▶ **Items listed in a dataset**
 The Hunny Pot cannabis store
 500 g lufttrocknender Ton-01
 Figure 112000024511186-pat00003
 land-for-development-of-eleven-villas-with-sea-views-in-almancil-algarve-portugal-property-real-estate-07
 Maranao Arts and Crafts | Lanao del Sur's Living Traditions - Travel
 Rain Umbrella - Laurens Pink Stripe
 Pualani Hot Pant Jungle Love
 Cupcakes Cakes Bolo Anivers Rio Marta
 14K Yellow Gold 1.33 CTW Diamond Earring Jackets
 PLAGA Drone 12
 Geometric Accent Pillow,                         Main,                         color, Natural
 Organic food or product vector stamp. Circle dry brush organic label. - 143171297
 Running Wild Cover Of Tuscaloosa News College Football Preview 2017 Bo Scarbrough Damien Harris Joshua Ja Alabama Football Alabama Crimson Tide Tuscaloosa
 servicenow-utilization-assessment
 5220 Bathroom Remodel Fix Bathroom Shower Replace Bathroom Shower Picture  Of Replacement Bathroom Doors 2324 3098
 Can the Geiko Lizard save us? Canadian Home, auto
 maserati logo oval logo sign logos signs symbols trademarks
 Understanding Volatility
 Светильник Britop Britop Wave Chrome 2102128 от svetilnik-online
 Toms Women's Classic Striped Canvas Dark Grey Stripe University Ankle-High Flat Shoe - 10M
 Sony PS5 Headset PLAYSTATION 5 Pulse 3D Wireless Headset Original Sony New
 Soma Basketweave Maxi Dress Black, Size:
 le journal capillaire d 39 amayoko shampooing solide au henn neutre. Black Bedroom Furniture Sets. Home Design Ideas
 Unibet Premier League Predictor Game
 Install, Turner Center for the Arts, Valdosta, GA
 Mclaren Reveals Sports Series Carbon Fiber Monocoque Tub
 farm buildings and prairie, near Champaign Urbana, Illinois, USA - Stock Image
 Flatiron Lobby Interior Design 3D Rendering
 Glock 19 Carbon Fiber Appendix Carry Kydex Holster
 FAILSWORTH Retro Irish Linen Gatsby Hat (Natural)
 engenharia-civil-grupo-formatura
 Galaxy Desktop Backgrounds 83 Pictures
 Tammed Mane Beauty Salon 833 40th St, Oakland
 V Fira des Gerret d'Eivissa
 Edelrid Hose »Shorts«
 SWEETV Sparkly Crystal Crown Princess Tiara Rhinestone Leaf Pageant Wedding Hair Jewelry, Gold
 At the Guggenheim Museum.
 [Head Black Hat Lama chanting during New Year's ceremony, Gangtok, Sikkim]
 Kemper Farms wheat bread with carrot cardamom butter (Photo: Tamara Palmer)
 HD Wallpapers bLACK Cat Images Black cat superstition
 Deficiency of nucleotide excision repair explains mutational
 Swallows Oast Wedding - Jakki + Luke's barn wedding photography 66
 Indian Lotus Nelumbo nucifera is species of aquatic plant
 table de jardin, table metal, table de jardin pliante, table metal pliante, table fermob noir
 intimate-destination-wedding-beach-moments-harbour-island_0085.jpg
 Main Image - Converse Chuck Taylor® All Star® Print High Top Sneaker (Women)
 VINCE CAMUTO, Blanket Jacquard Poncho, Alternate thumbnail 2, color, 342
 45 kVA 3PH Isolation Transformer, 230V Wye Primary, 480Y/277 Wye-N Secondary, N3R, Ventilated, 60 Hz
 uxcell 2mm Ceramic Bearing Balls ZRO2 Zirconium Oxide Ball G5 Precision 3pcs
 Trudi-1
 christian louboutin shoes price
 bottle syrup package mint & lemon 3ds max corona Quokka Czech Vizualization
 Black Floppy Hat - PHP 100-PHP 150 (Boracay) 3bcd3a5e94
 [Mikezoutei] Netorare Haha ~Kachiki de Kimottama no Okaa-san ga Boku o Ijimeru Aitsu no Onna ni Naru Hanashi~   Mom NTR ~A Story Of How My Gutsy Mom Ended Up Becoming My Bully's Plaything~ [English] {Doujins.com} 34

▶ **AIM OF THE EXERCISE**
Restate the records above verbatim up to and including the line containing "Can the Geiko".

▶ **SOLUTION FOR THIS TASK**
 The Hunny Pot cannabis store
 500 g lufttrocknender Ton-01
 Figure 112000024511186-pat00003
 land-for-development-of-eleven-villas-with-sea-views-in-almancil-algarve-portugal-property-real-estate-07
 Maranao Arts and Crafts | Lanao del Sur's Living Traditions - Travel
 Rain Umbrella - Laurens Pink Stripe
 Pualani Hot Pant Jungle Love
 Cupcakes Cakes Bolo Anivers Rio Marta
 14K Yellow Gold 1.33 CTW Diamond Earring Jackets
 PLAGA Drone 12
 Geometric Accent Pillow,                         Main,                         color, Natural
 Organic food or product vector stamp. Circle dry brush organic label. - 143171297
 Running Wild Cover Of Tuscaloosa News College Football Preview 2017 Bo Scarbrough Damien Harris Joshua Ja Alabama Football Alabama Crimson Tide Tuscaloosa
 servicenow-utilization-assessment
 5220 Bathroom Remodel Fix Bathroom Shower Replace Bathroom Shower Picture  Of Replacement Bathroom Doors 2324 3098
 Can the Geiko Lizard save us? Canadian Home, auto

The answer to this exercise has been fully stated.